Ideally, rather than create policy preventing the collection of data necessary to check for and address algorithmic bias, policy makers would require the collection of data needed for these purposes, under best-practices safeguards. Ideally, this data collection mandate would be combined with some degree of protection or release from liability for companies that fully followed required security practices (especially in today’s environment, where maintaining perfect data security is challenging even when following best practices).
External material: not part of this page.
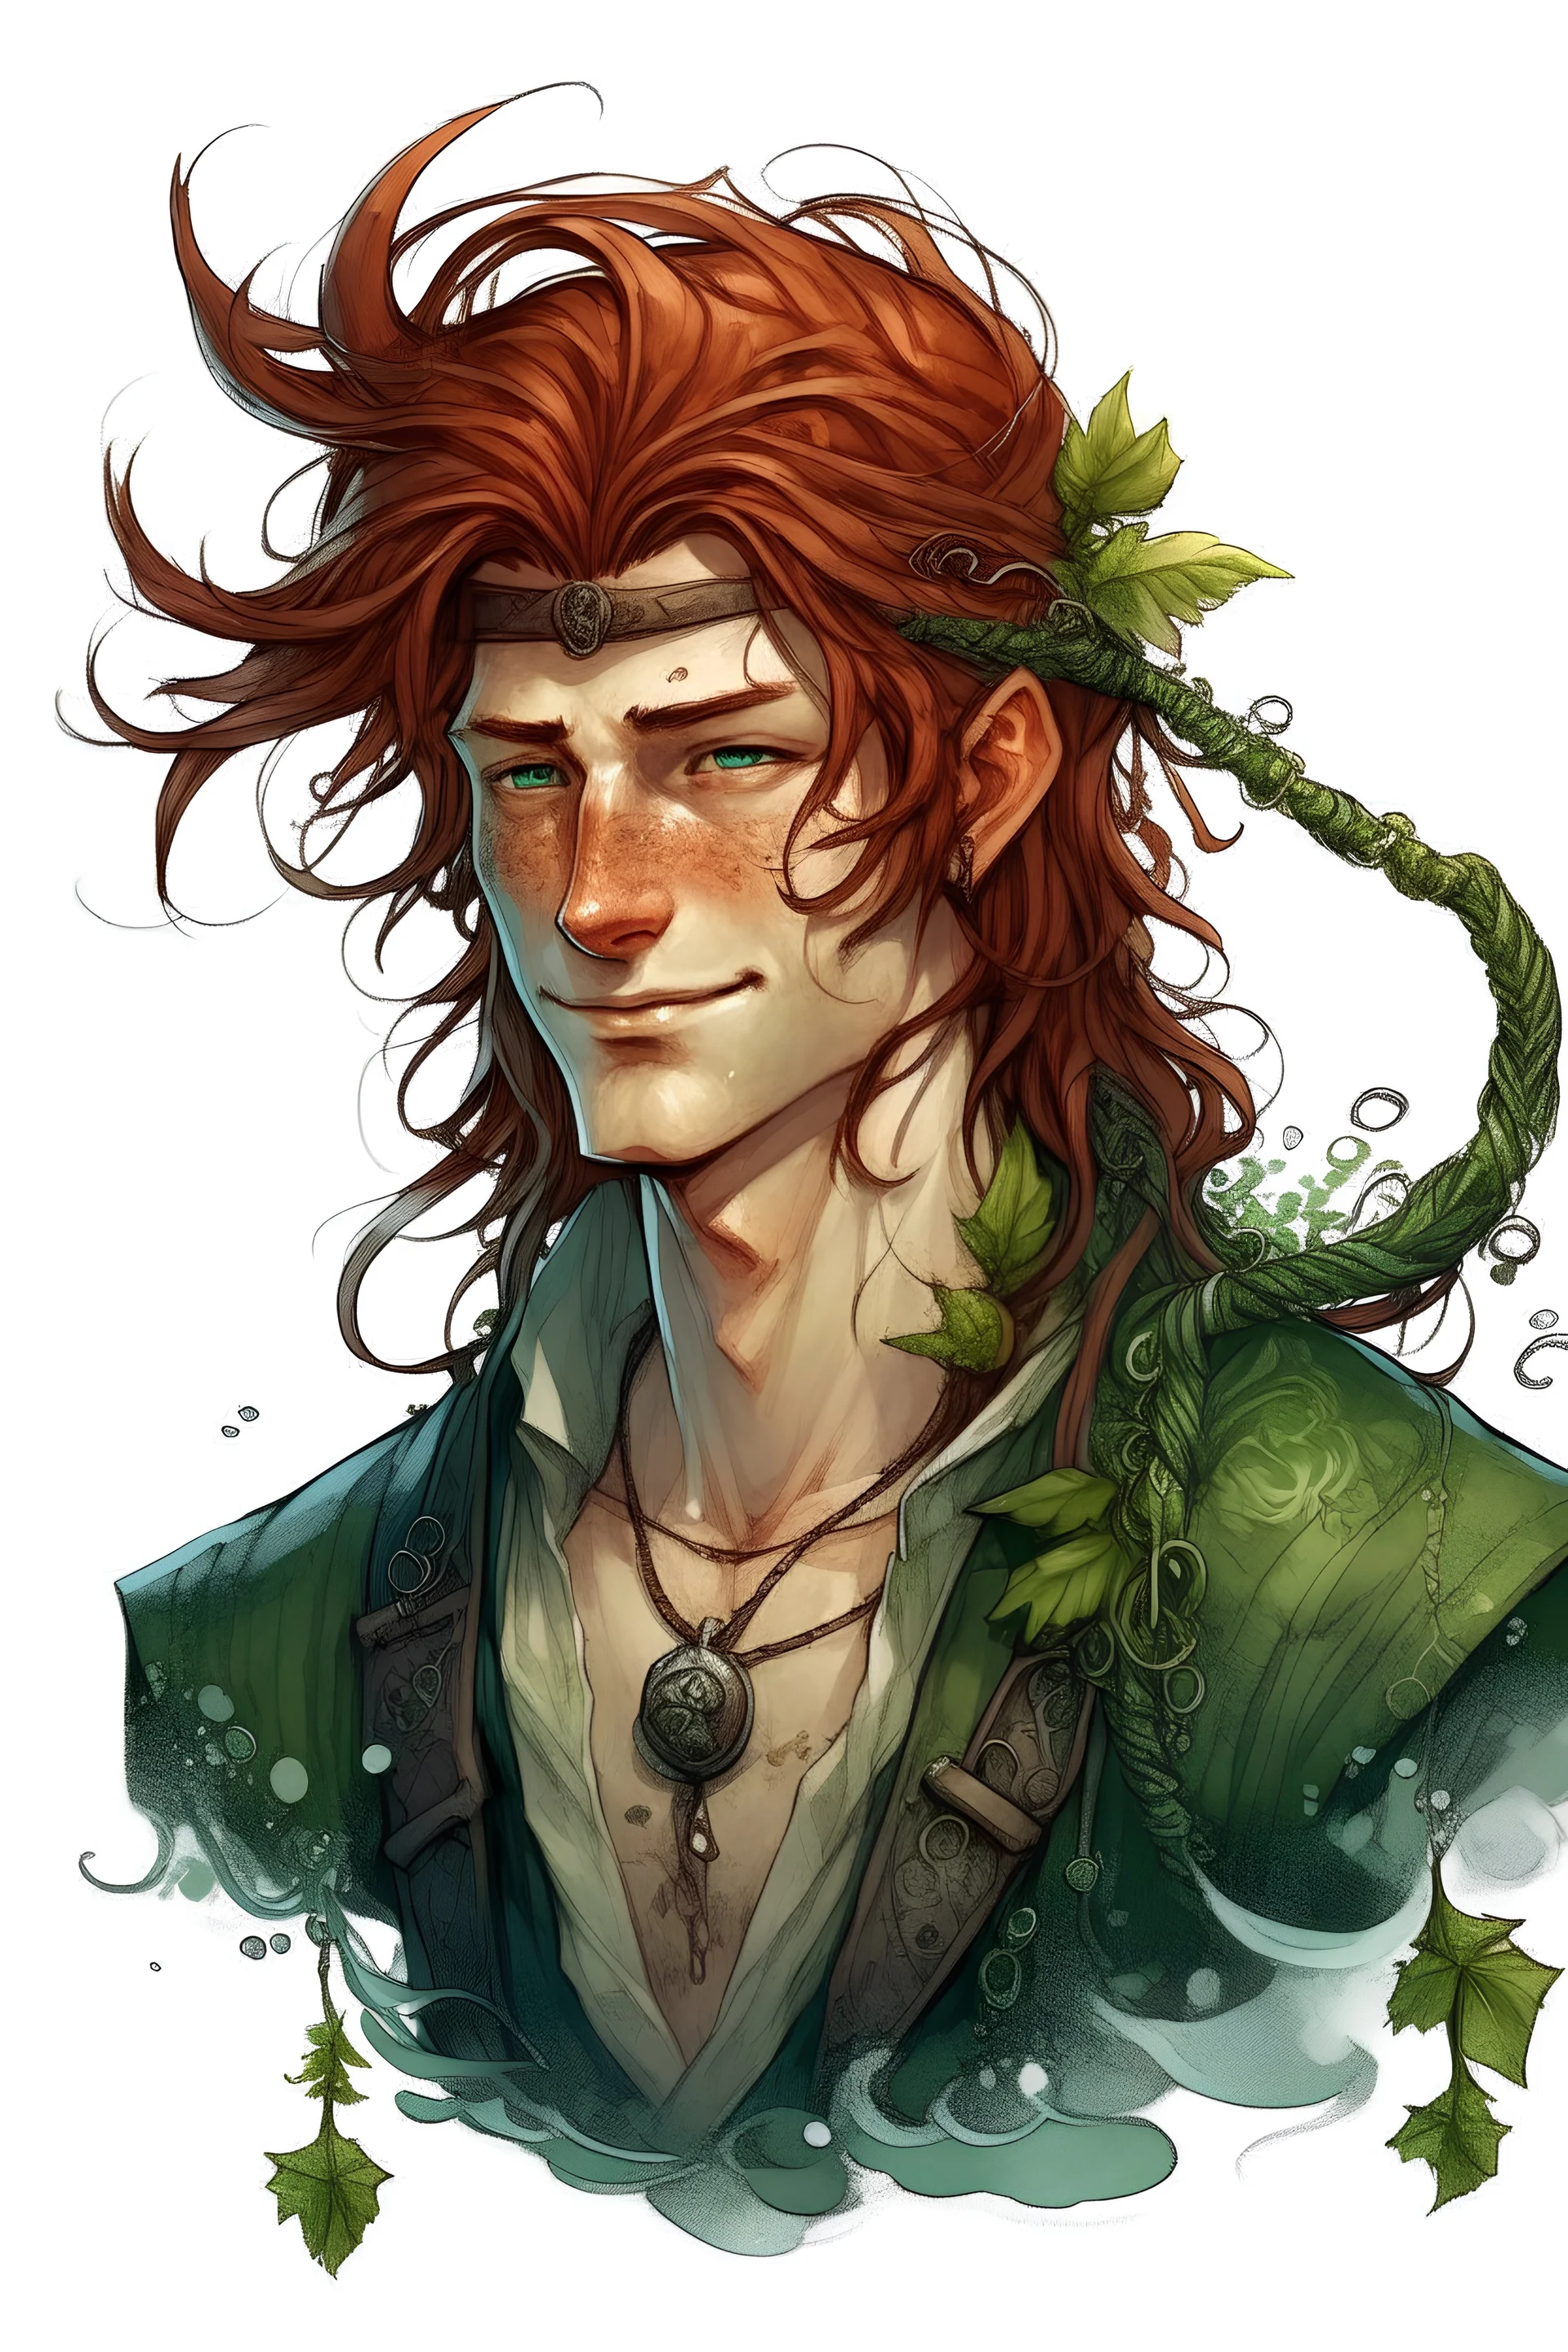 wet pirate nereid male with seaweed in auburn hair

This would be the first step towards requiring educational algorithms used beyond a certain scale (perhaps 1 000 active users) to explicitly document and publish checks for algorithmic bias, at minimum providing evidence on whether the models have substantial difference in their quality of performance for different populations (if present in their user base). The requirement to publicly release evidence on algorithmic bias would probably be sufficient to create strong pressure to fix biases found in the algorithms.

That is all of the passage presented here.